Теперь больницу строит. Остальное про зверинец за ужином.
II
Проснулся поздно. Вставать, по городу по новому бежать, не хотелось. Сны вспоминать, в ночные тайны при свете дня нового закрытыми глазами вглядываться так жутко-радостно.
Серебряною музыкой скрипели двери чистилища души; красной молодой кровью наливались веки глаз защуренных; над открытым окном мансарды трепыхалась занавеска белая.

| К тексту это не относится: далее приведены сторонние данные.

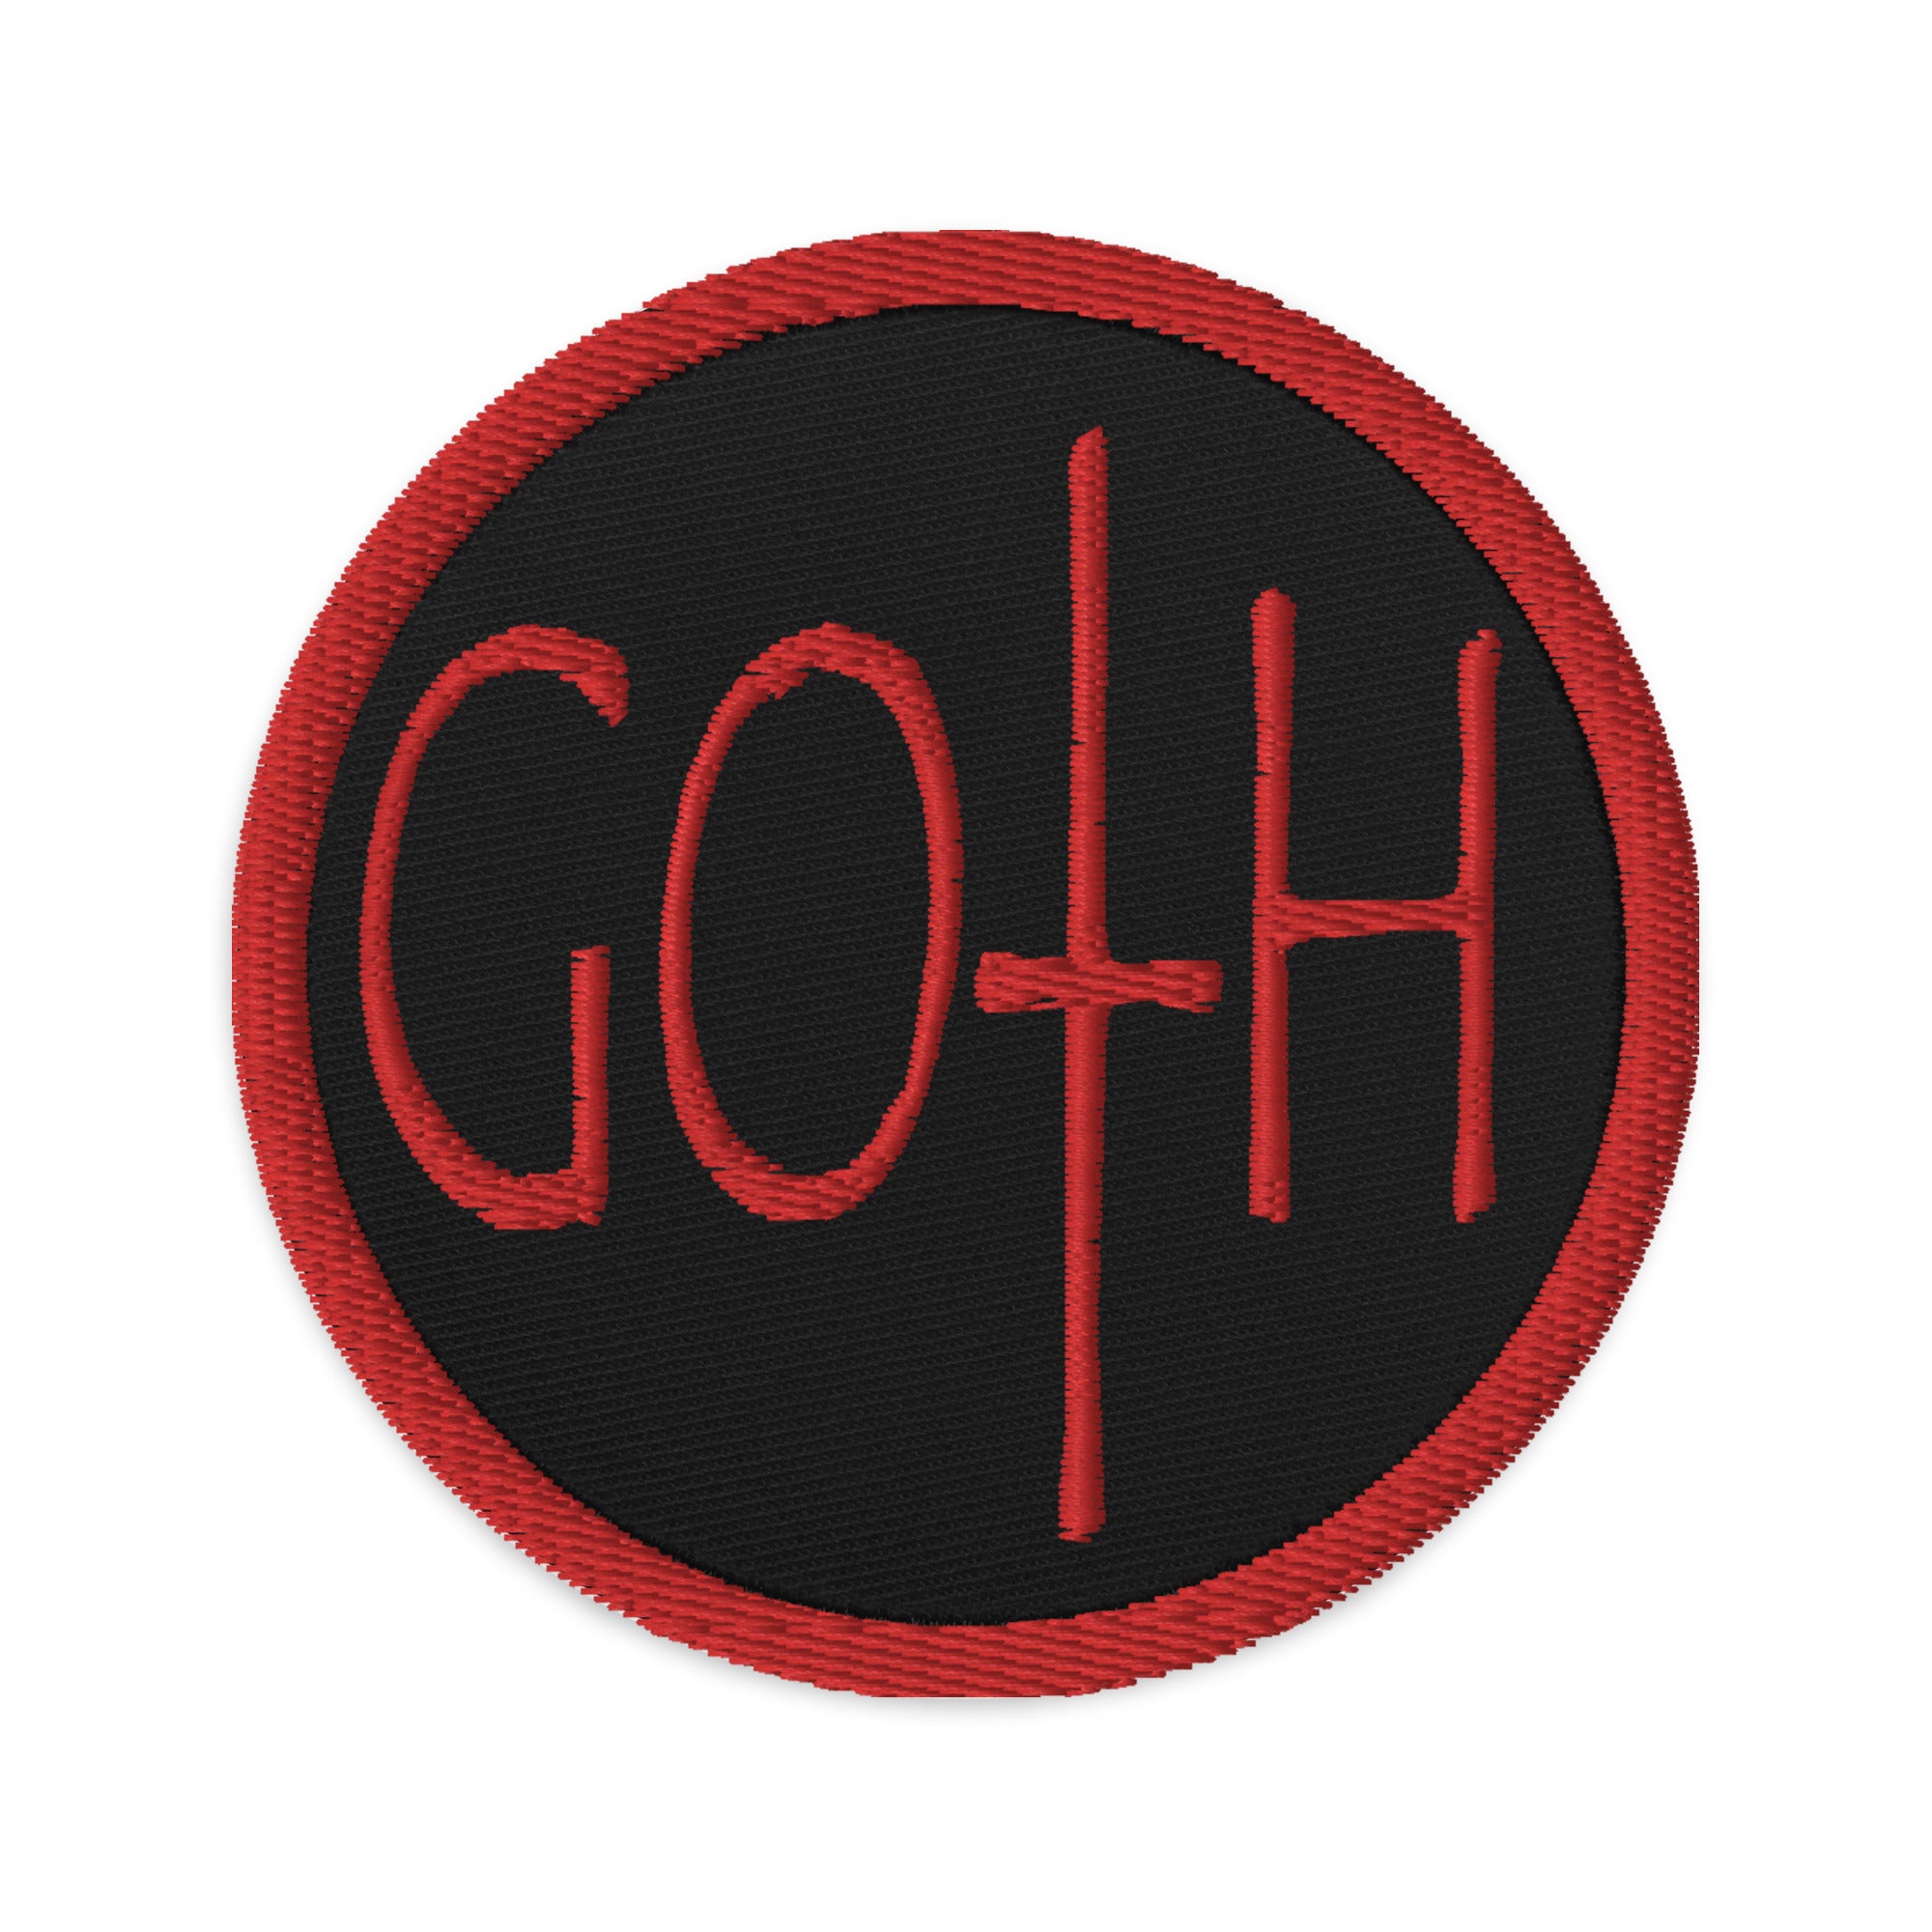 Goth Dark and Morbid Style Halloween Celebration Embroidered Patch Red Thread - Edge of Life Designs
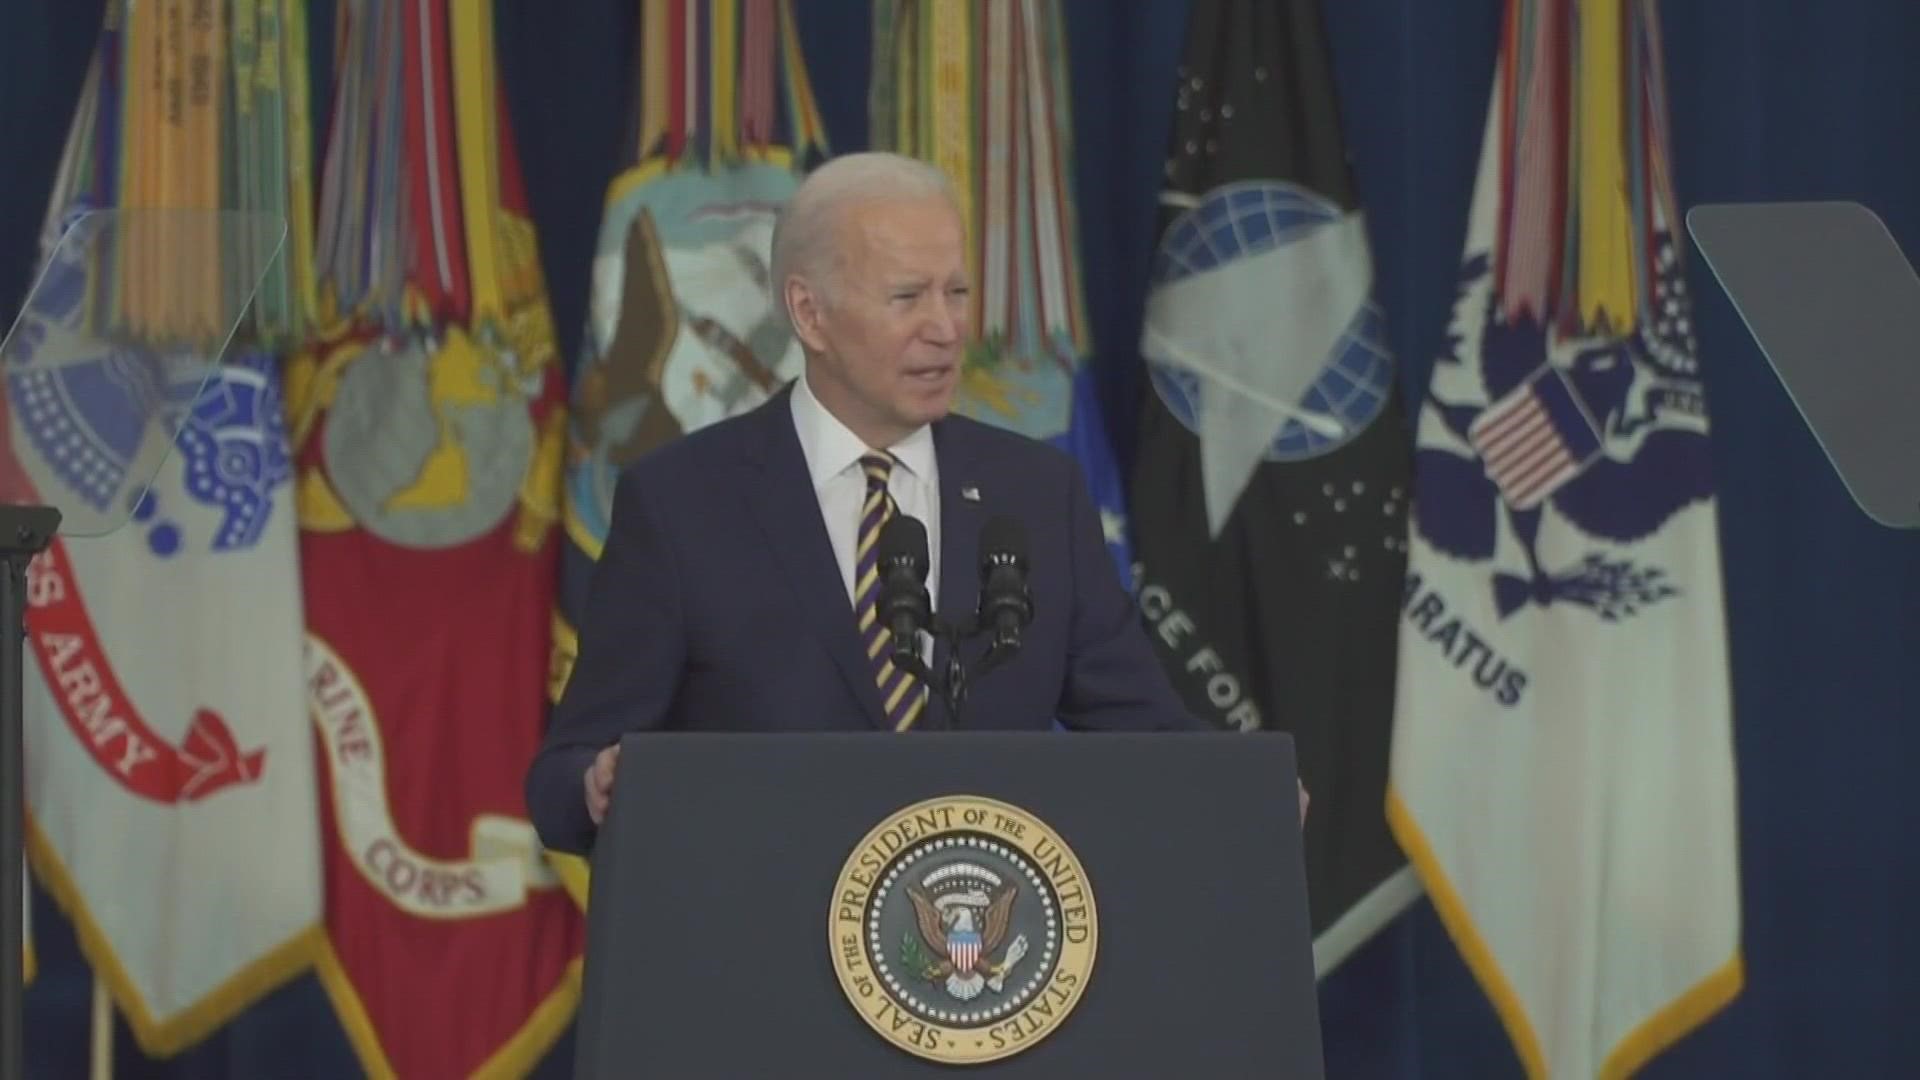 President Biden was in Fort Worth to speak about getting expanded health benefits for veterans affected by environmental exposures such as burn pits.

Разгадочно-пугающи были думы, оттуда плывущие.
- Как так? Надя?
Сияния мечтанные слов, поцелуев, дум за ночь венцом вокруг Нади сестры свились. Сияния мечтанные, уже более года зародившиеся в душе и уготованные для той неведомой, которую встретит там в Петербурге скоро-скоро. В первый раз в университет идя, ее встретит. Мечты, сияющие бриллиантами завтрашнего дня. Сияния мечтанные в тусклости ненастоящего и смешного, и больного сегодня.
- Как так? Надя? Сестра?
Сквозь сине-стеклянную стену сна ночного разглядывает вчерашний вечер. Болтали про родную крепость, про весь зверинец. Весело было. Кикимора французская глазами хлопает - весело. Мѵроносицкого выговорить не может - весело. Учили долго. А она свое:
- Mironot... Mironot...
Так и порешили:
- Monsieur Mironot.
Еще веселее.
Вспоминает. Сквозь сине-стеклянную стену разглядывает вечер вчерашний, близкий и внезапно далекий. Склонилась Надя сестра лицом своим к его лицу. Смешное про кикимору рассказывала. Роман, что ли. Потом еще. И еще. Заморгал Виктор.
- Ба! Чужое лицо. Чужое!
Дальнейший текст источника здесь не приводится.